Graduate students are at Brandeis to pursue an advanced degree because they have an academic passion, and they take on work at the university to enable their studies. They need the money from their work to afford life expenses while earning their degree, and they need consistency and to be fairly certain of their income in order to budget their life expenses appropriately. This creates a difficult balance between their roles as students and as employees. To this end, they need advocacy to protect their rights and demand just compensation, and it can be very difficult to perform this kind of advocacy as an individual, especially an individual working a significant amount of time while also engaged in full-time or near-full-time study. A labor union would be very beneficial to the graduate student community in this regard.
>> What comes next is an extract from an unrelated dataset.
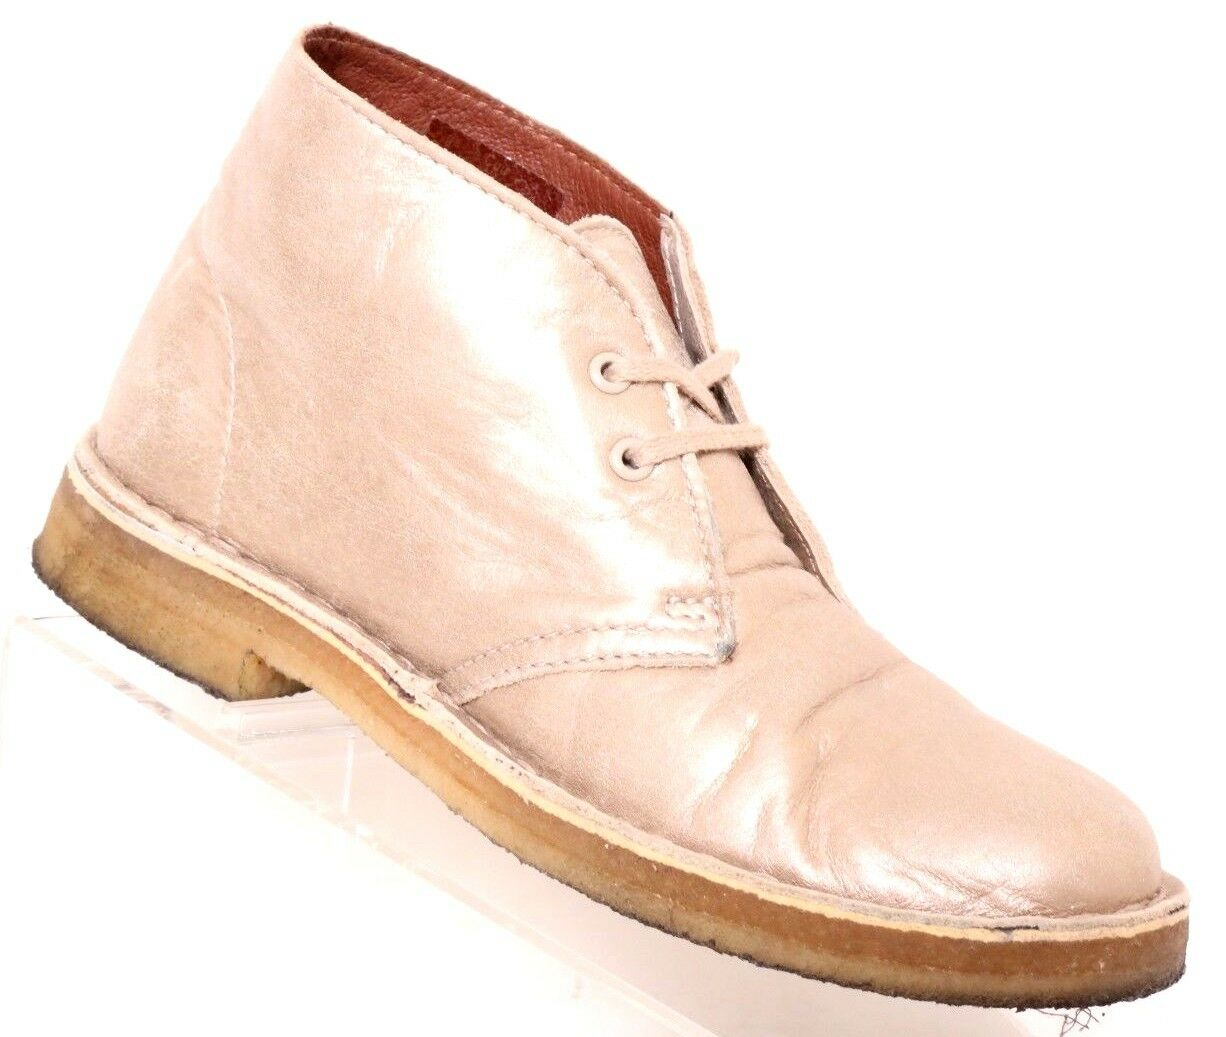 Clarks Originals gold Metallic Leather 2-Eye Crepe Sole Desert Boot Womens US 6M

Institutions overpower individuals. The institution that graduate student workers must work with, and sometimes against, is the university. Graduate students have more than their fair share of grievances against the university, but they attest to feeling afraid to address these with their direct employers for fear of retaliation, such as from professors. As individuals, whose livelihood depends on campus jobs and whose future depends on their degrees, they are vulnerable in the face of a university. But as part of a union, their own institution, graduate student workers can finally advocate for themselves effectively. More than strength in numbers, unions offer institutional structures thanks to their advocacy staff, resources and national networks, systems of support and power unavailable to a lone worker. Specifically, graduate students explain needing an anonymous way to report grievances, because their unique position as students and workers opens them to academic retaliation for speaking about grievances regarding working conditions.
Brandeis University has a strong tradition of employing unionized workers. Non-student Sodexo workers and librarians are unionized in order to defend their rights and benefits as employees, and Brandeis ought to allow graduate students to acquire the same protections. Moreso, Brandeis sells itself as founded in principles of social justice. But overworking, underpaying and generally exploiting graduate student workers is not socially just.
If the graduate student workers are successful in unionizing, the university should not resist the movement to a unionized workforce. Our graduate student workers, who make up such a significant portion of our community, deserve protection from institutional infringement on their rights as workers, and if they choose a union as the most appropriate way to get that advocacy, then the university ought to recognize and respect that decision.